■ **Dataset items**
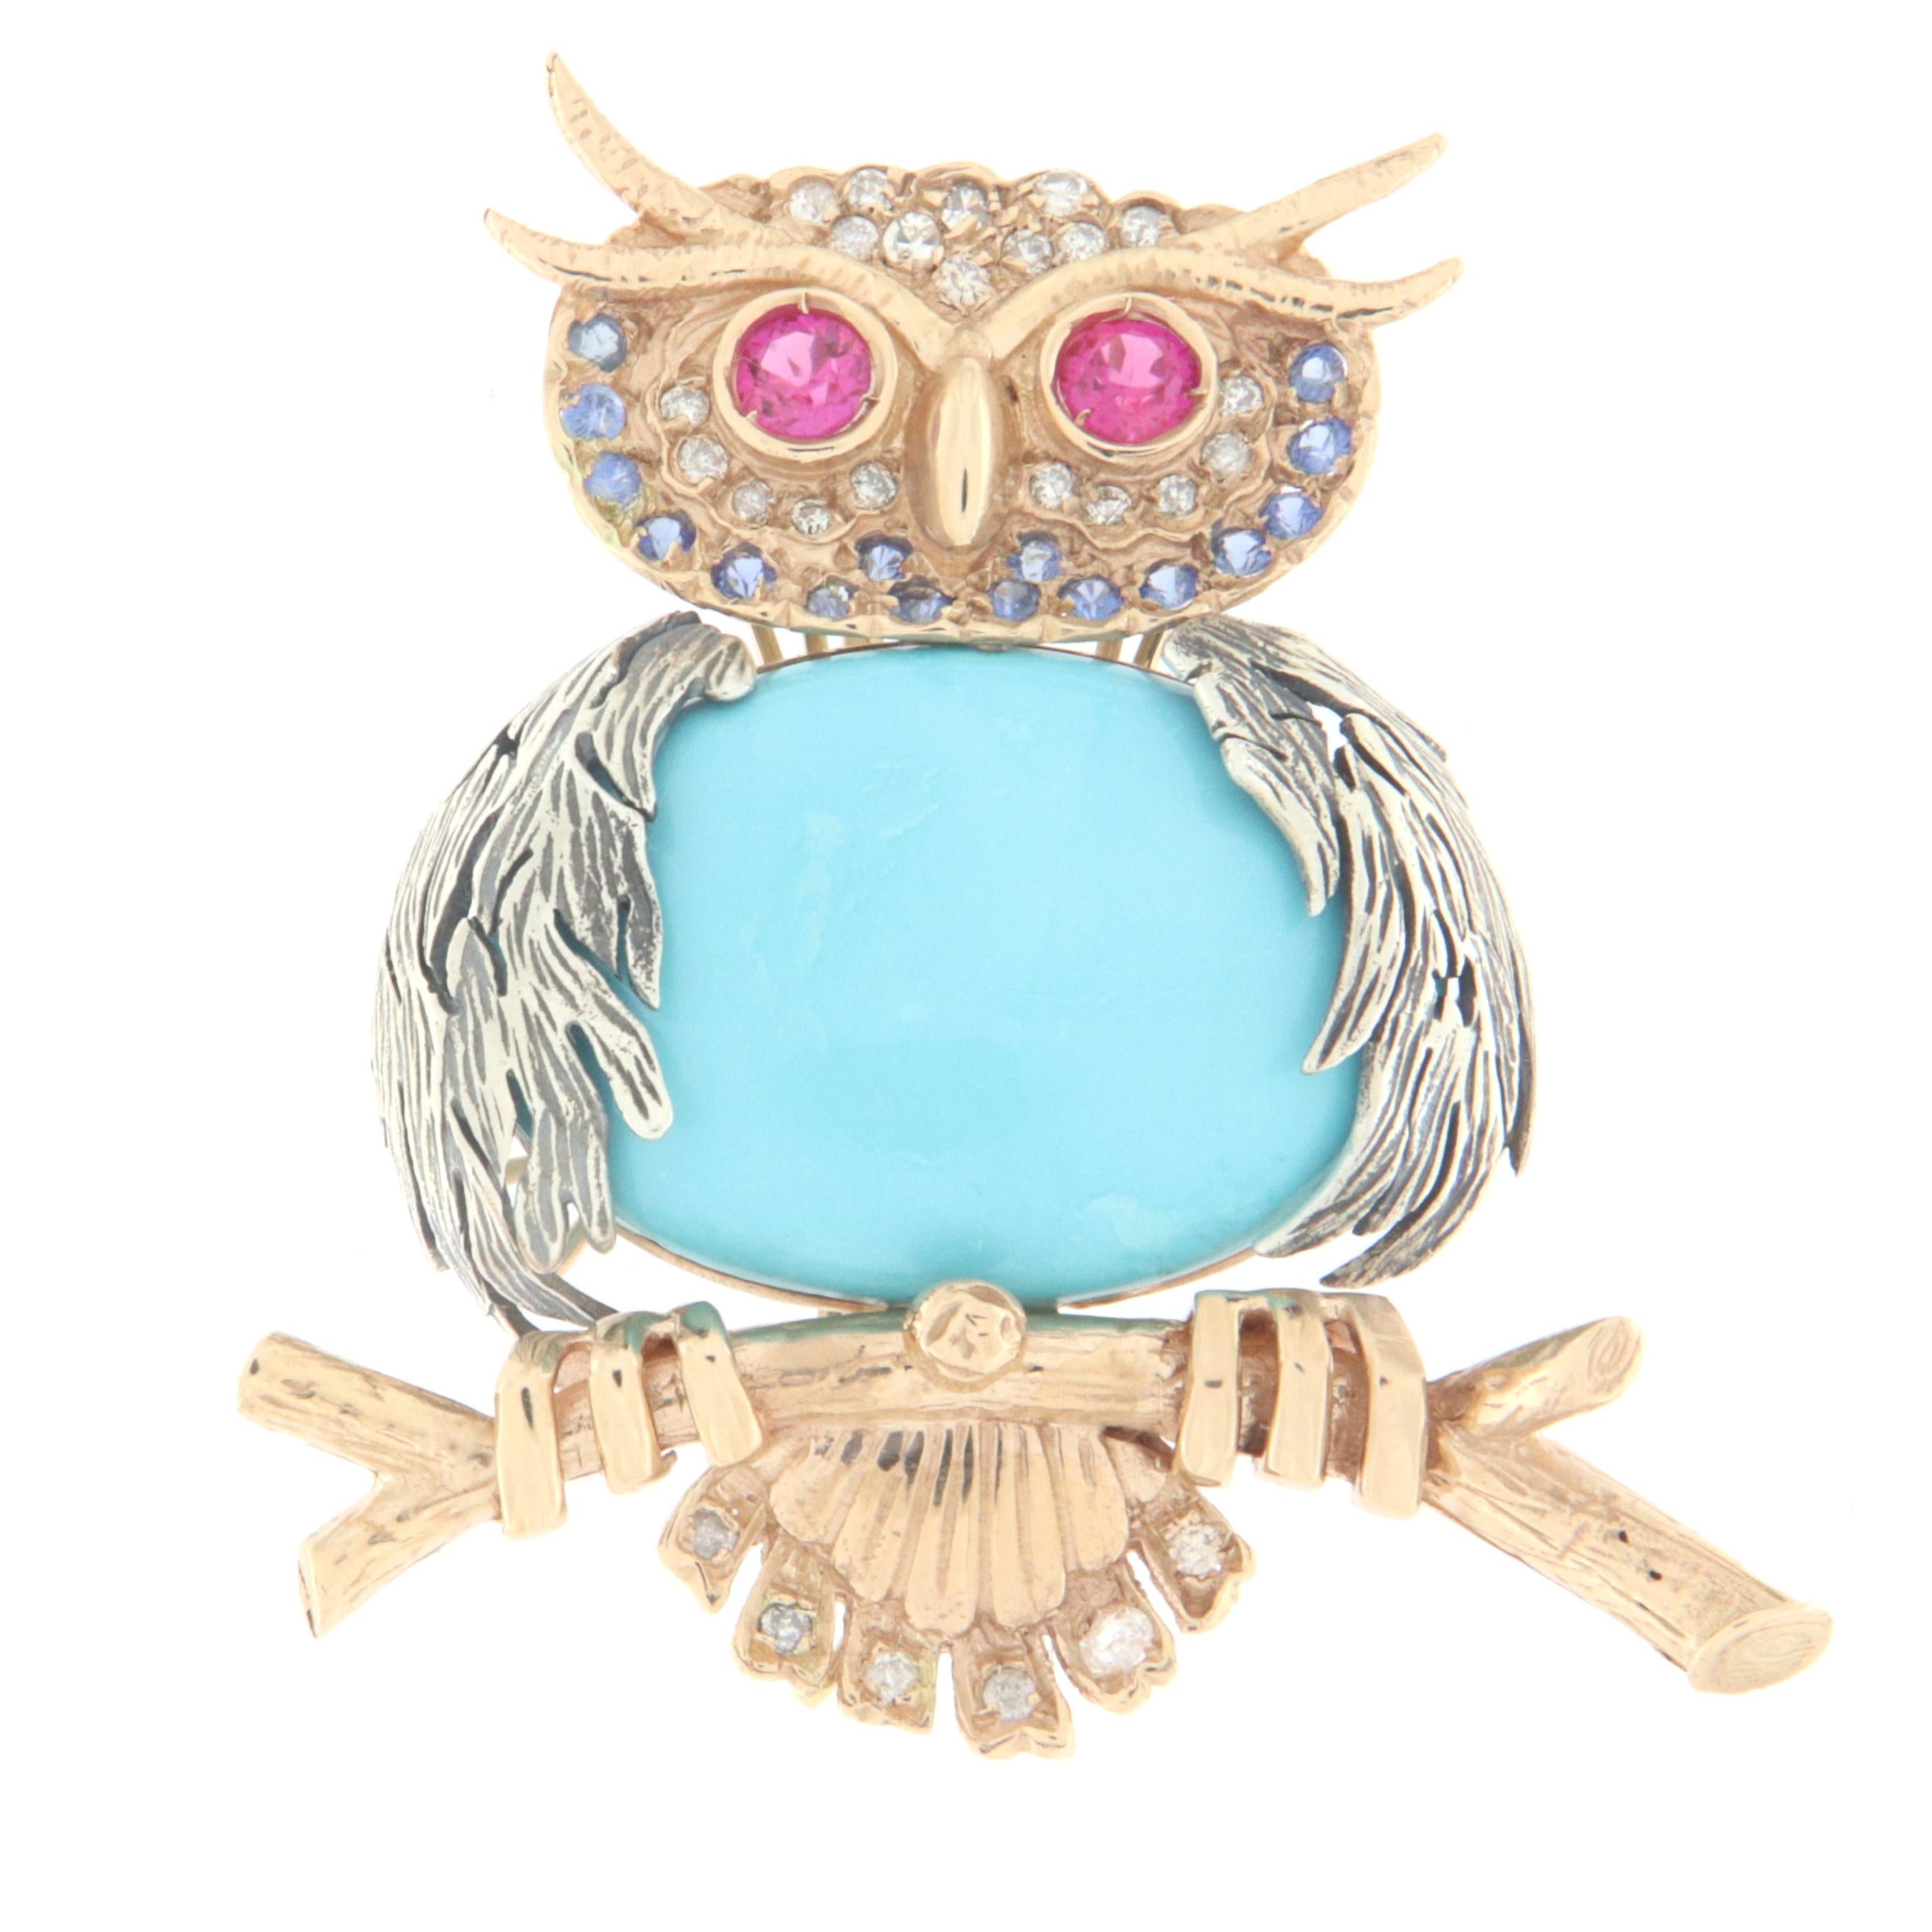 Owl 14 karat yellow gold and 800 thousandths silver brooch.Handmade by our artisans assembled with turquoise tourmalines,diamonds and sapphires

Brooch total weight 30 grams
Diamonds weight 0.45 karat
Tourmaline weight 0.80 karat
Turquoise weight

■ **Required action**
Once the line with "Brooch total weight 30 grams" is found, write out that line and every one after it through the last line of the records, exactly and with nothing else.

■ **Response area**
Brooch total weight 30 grams
Diamonds weight 0.45 karat
Tourmaline weight 0.80 karat
Turquoise weight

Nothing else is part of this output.